• [What the exercise asks]: Please transcribe the data that follows exactly as given, leaving out every picture.

• [Dataset extract]:
--------------------------------------------------
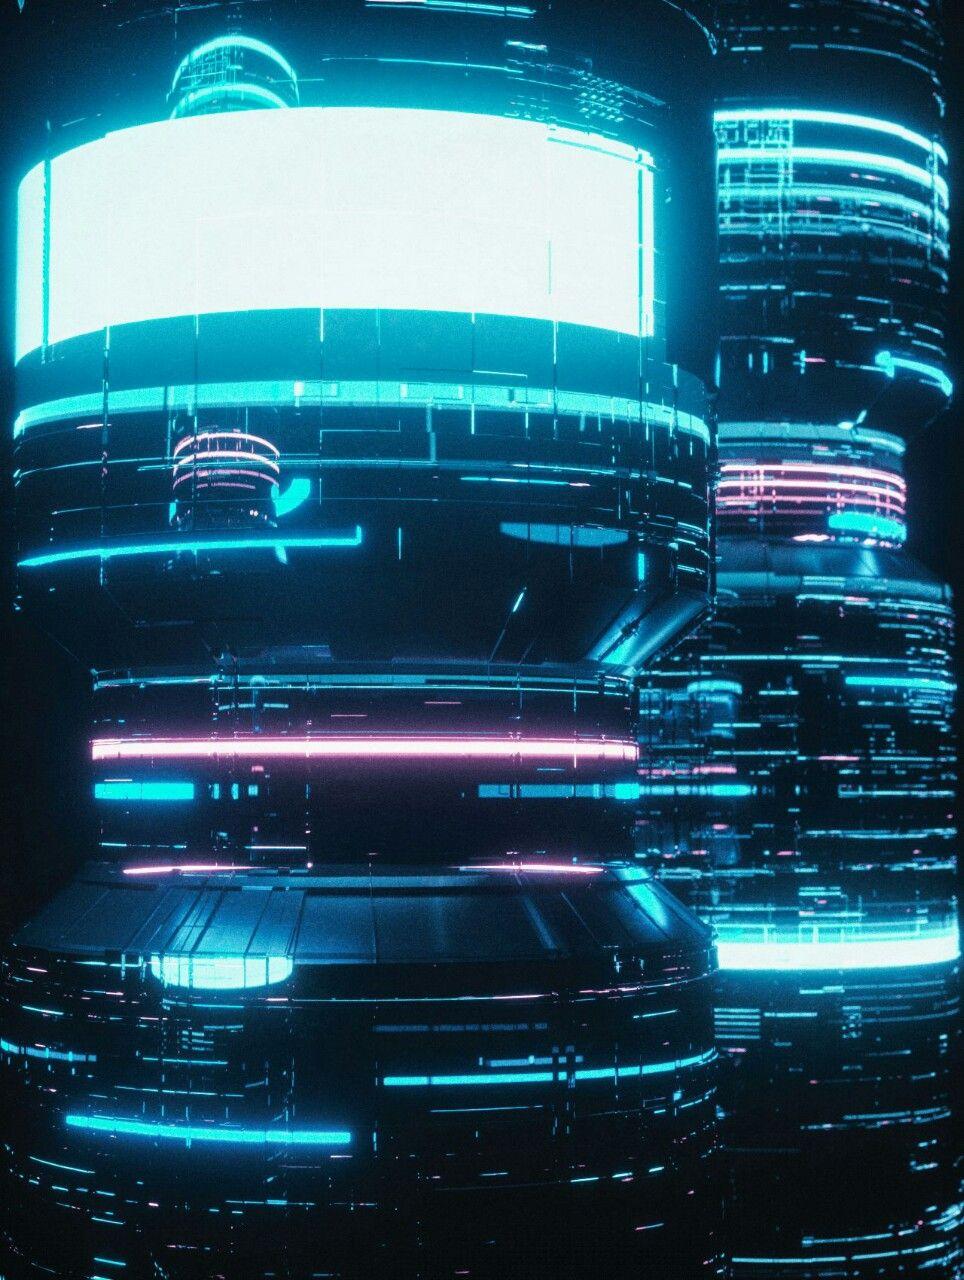 Cyberpunk Images
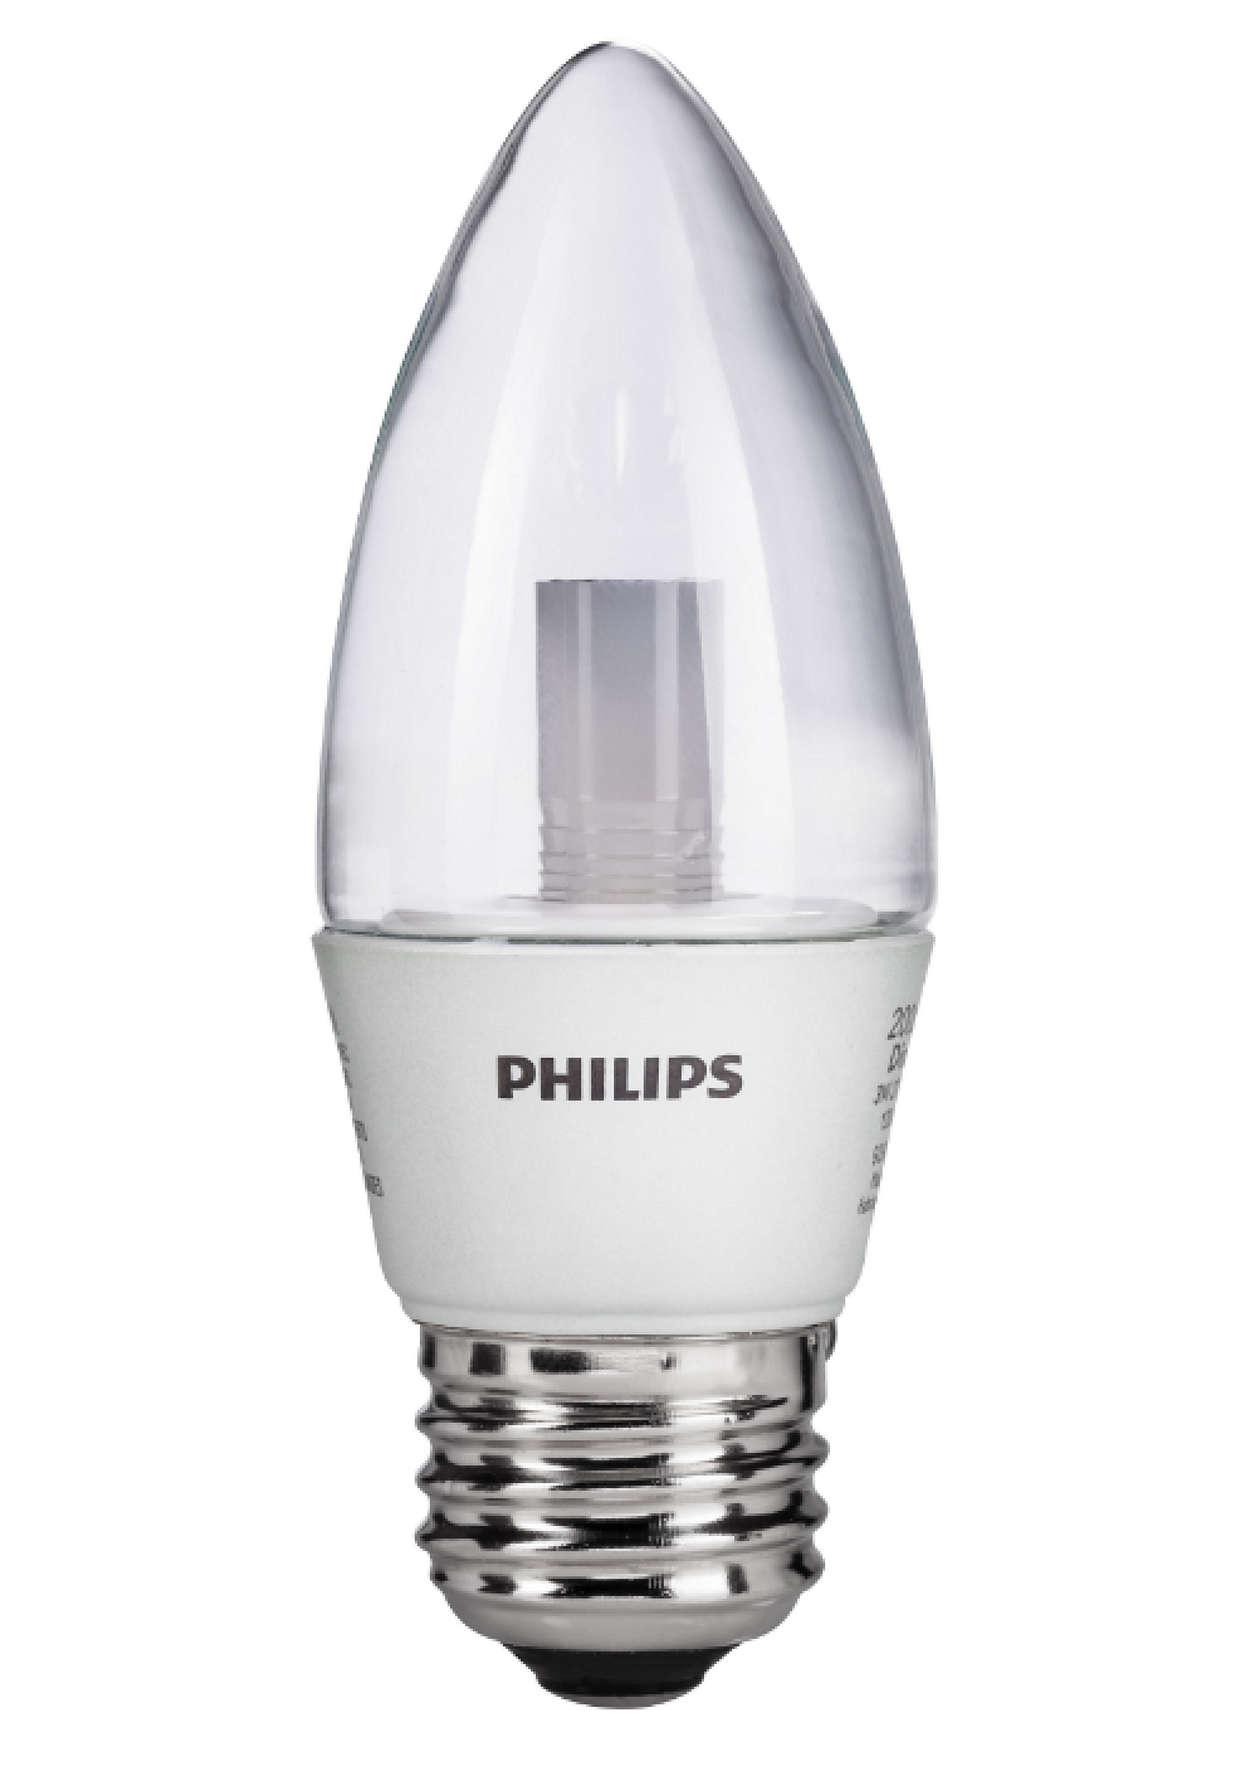 Philips, Blunt Tip Decorative Candle LED Bulb - 046677421021 - Nova ...
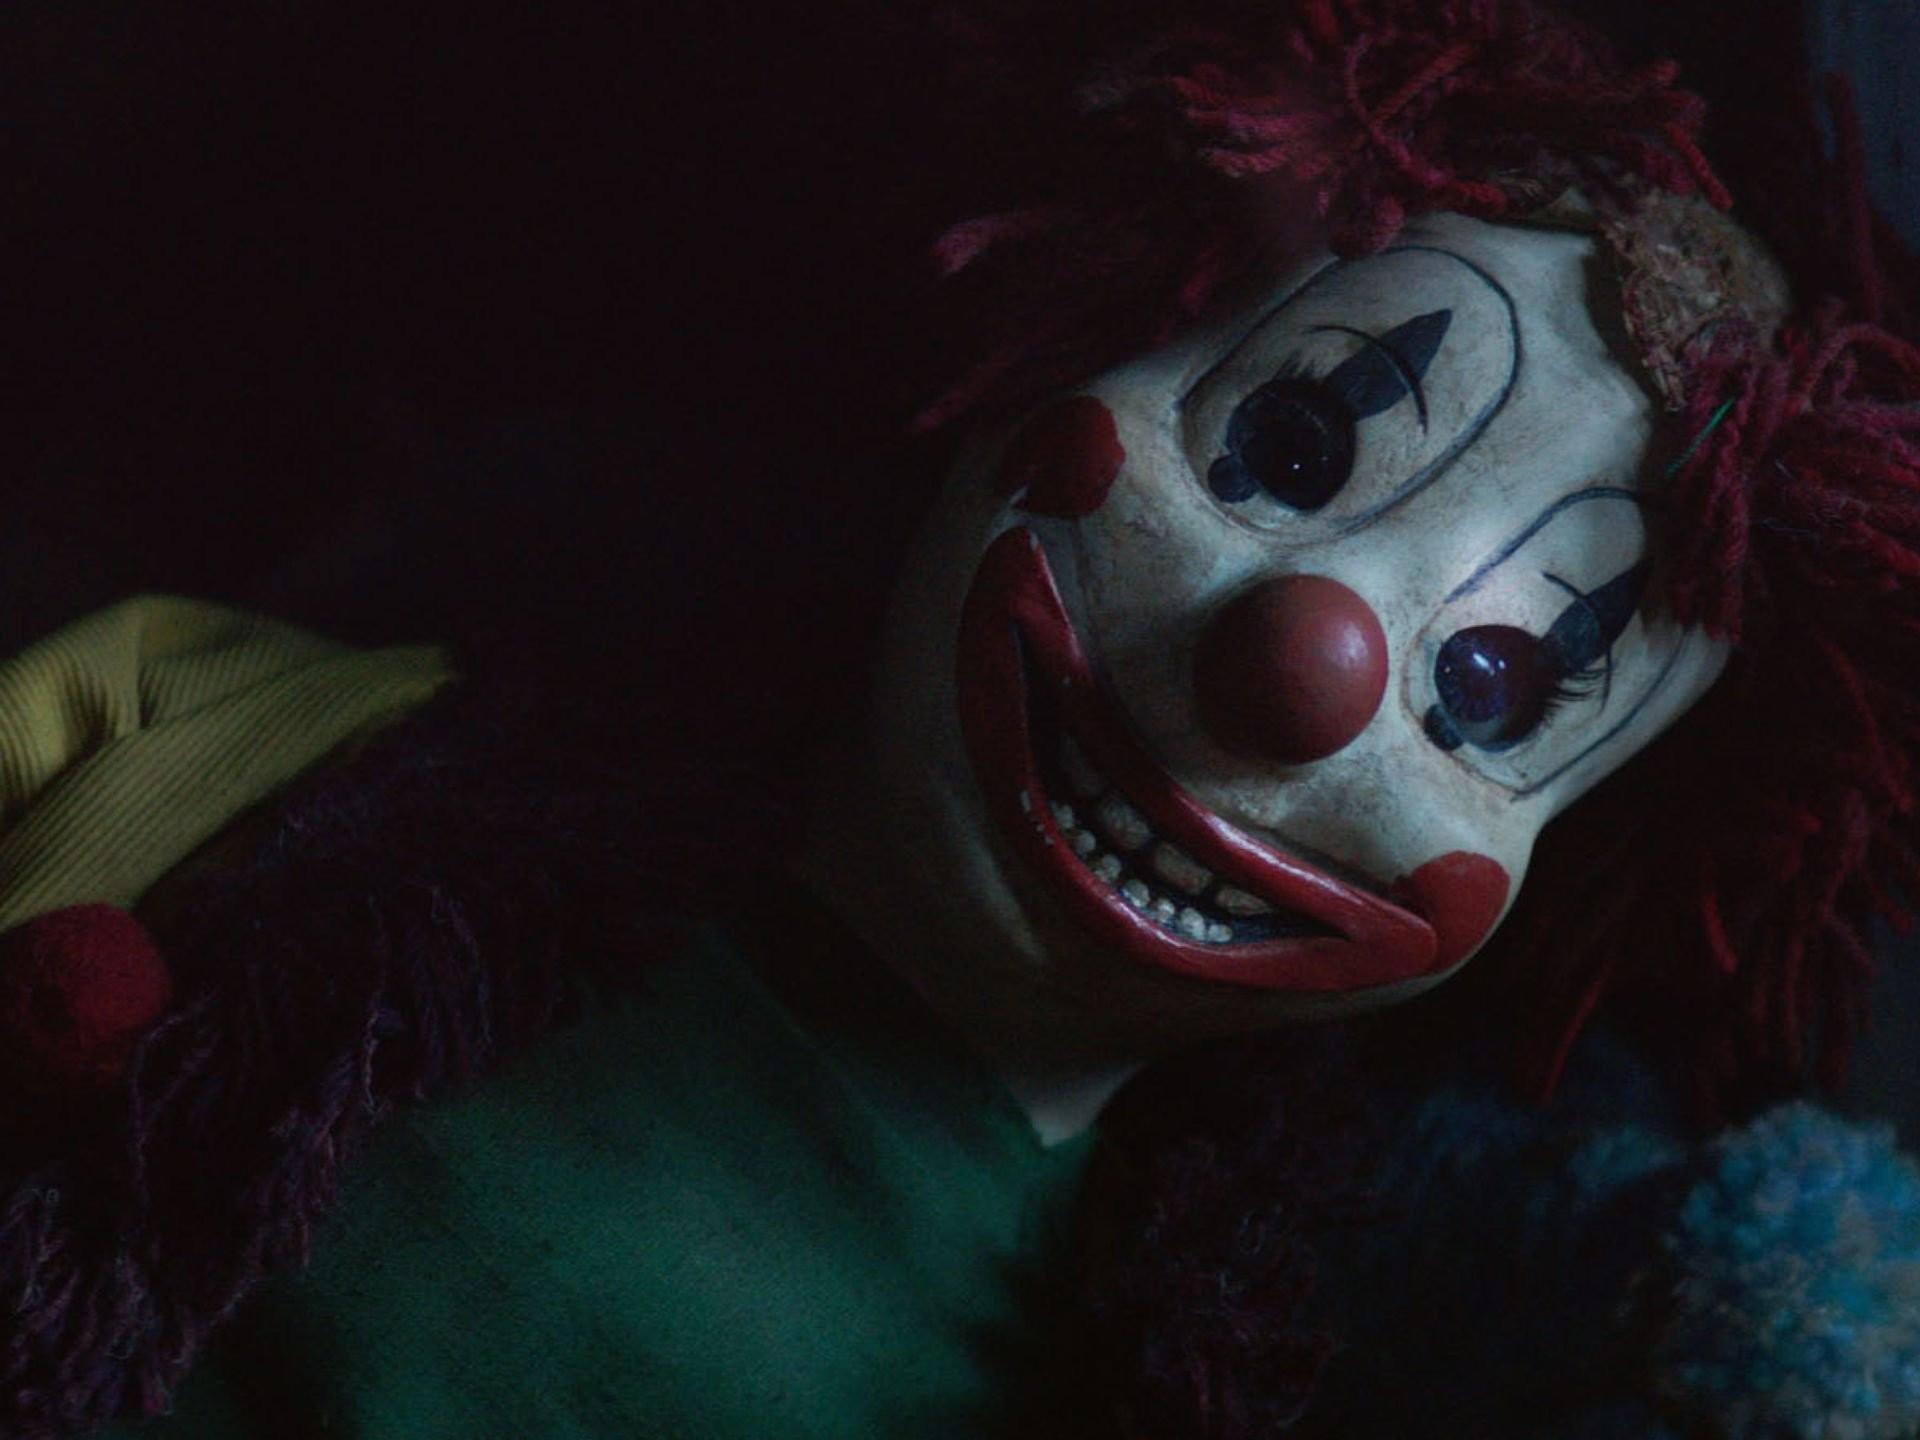 Evil clown wallpaper 63 images - Circus joker wallpaper ...
--------------------------------------------------
• [Exercise solution]:
 Cyberpunk Images
 Philips, Blunt Tip Decorative Candle LED Bulb - 046677421021 - Nova ...
 Evil clown wallpaper 63 images - Circus joker wallpaper ...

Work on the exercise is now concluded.